Англия и англичане | страница 82
Если же речь заходит о бедных, которые не совершали преступлений, об обыкновенных, порядочных тружениках, в том, что пишет Диккенс, никакого высокомерия, разумеется, нет. Людьми вроде Пеготти или Плорниша он самым искренним образом восхищается. Но сомнительно, чтобы он вправду считал их равными себе. Чрезвычайно интересно сопоставить главу XI «Дэвида Копперфилда» и автобиографический фрагмент (частью приведенный в «Жизнеописании» Форстера), где чувства, вызванные воспоминаниями о службе на фабрике ваксы, выражены намного откровеннее, чем в романе. Даже через двадцать с лишним лет эти воспоминания доставляли ему такую боль, что он делал круг, только бы не проходить мимо фабрики по Стрэнду. Он признается, что, очутившись рядом с фабрикой, «начинал плакать, хотя у меня уже был сын, выучившийся говорить». Из сказанного не следует, что более всего Диккенса – и ребенка, и писателя, – ранила неизбежность прямого соприкосновения с «низкой» публикой, к которой принадлежали сослуживцы. «Нет слов, чтобы выразить муки душевные, которые я испытывал, оказываясь в таком обществе; подумать только, с кем мне приходится водиться теперь, когда минули счастливые дни детства… Впрочем, и на фабрике ваксы я старался держаться с достоинством… Вскоре и мои руки ценились не меньше всех остальных. Хотя со своими товарищами я был накоротке, и поведение мое, и манеры слишком отличались, чтобы между нами не пролегла некая черта. Они, да и сам мастер, называли меня не иначе как «юным джентльменом». Был работник, иной раз обращавшийся ко мне просто по имени – Чарлз, однако, кажется, происходило это лишь в минуты полной откровенности… Как-то Пол Грин взбунтовался против обычая звать меня «юным джентльменом», однако Боб Фейджин тут же его утихомирил».

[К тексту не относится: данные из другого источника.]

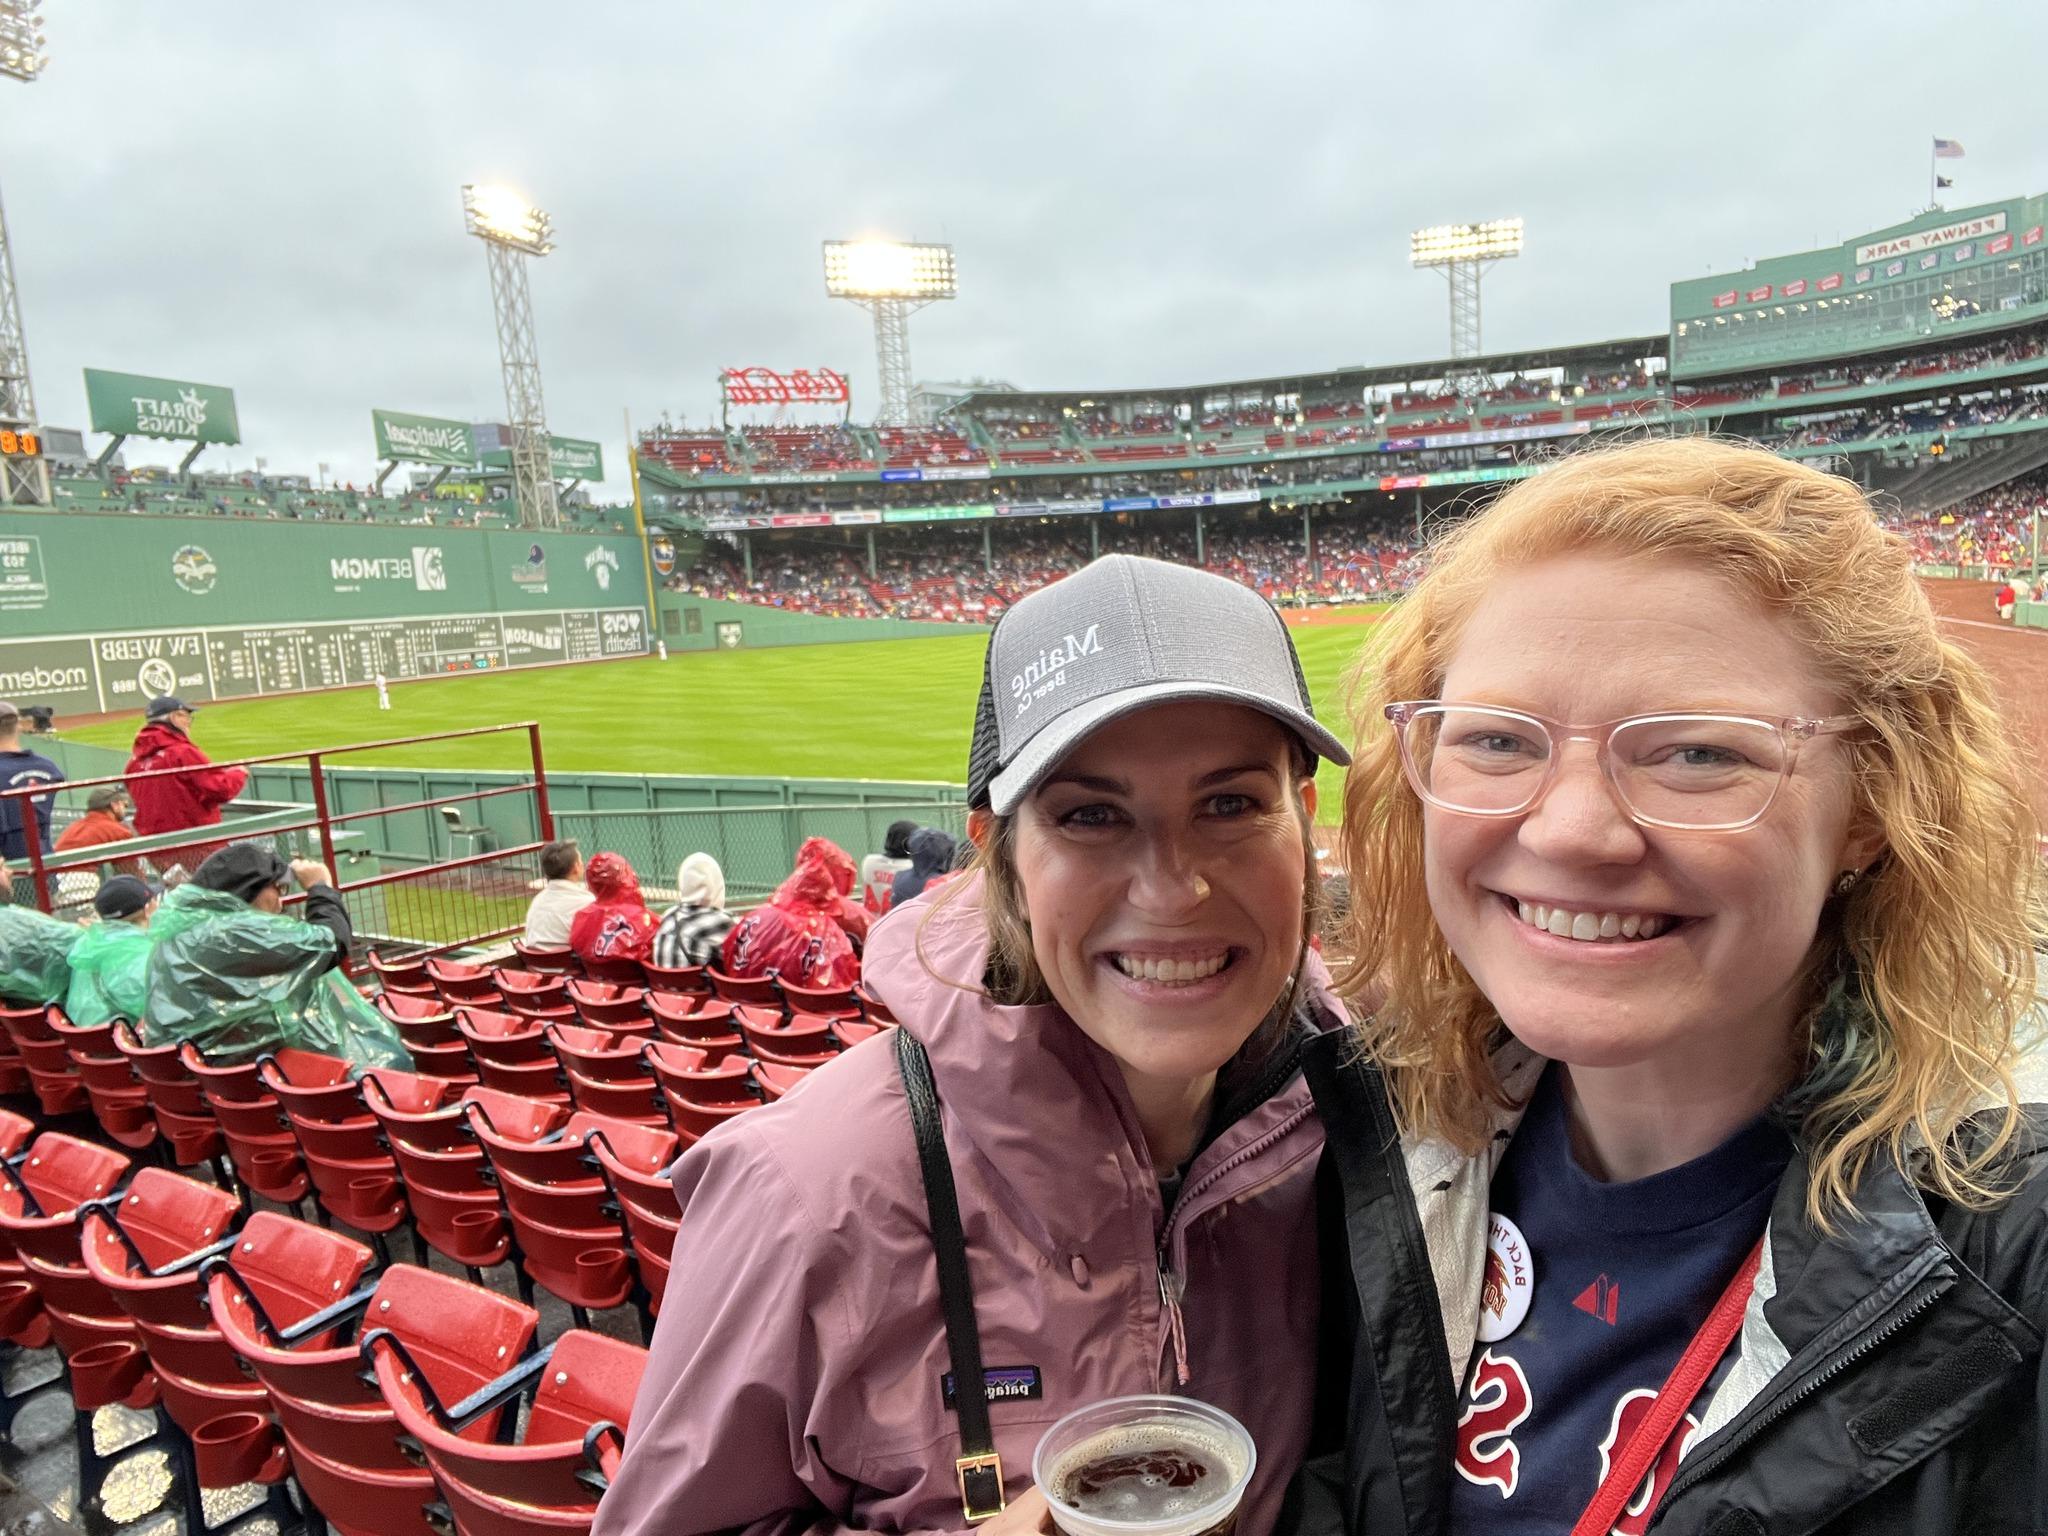 Boston Red Sox Game attendees

Итак, очень хорошо, что существовала «некая черта». Как бы ни сочувствовал Диккенс рабочим, походить на них он не желает. По-иному вряд ли могло быть, считаясь с его происхождением да и со временем, когда он писал. В начале девятнадцатого века неприязнь между людьми разных сословий была, возможно, не сильнее, чем теперь, однако внешних различий между сословиями было неизмеримо больше. «Джентльмен» и обычный человек представали чуть ли не разными биологическими видами. Диккенс вполне искренен, вступаясь за бедных и высказываясь против богатых, но для него было невообразимо думать о положении пролетария как о клейме. У Толстого есть притча, в которой крестьяне судят о любом прохожем по его рукам. Если руки загрубели от работы, пришельца пускают в деревню, если они изнеженные – отказывают. Диккенс вряд ли сумел бы понять, о чем тут идет речь; руки всех его героев изнеженны. Его юные персонажи: Николас Никльби, Мартин Чезлвит, Эдвард Честер, Дэвид Копперфилд, Джон Хармон – обычно представляют человеческий тип, известный под названием «прогуливающегося джентльмена». Диккенса привлекают буржуазный обиход и буржуазный (не аристократический) выговор. Характерная черточка: никому из персонажей, играющих первостепенную роль, он не позволяет говорить с пролетарским акцентом. Комическому персонажу вроде Сэма Уэллера или чисто знаковому герою наподобие Стивена Блэкпула не возбраняется коверкать язык, однако «jeune premier»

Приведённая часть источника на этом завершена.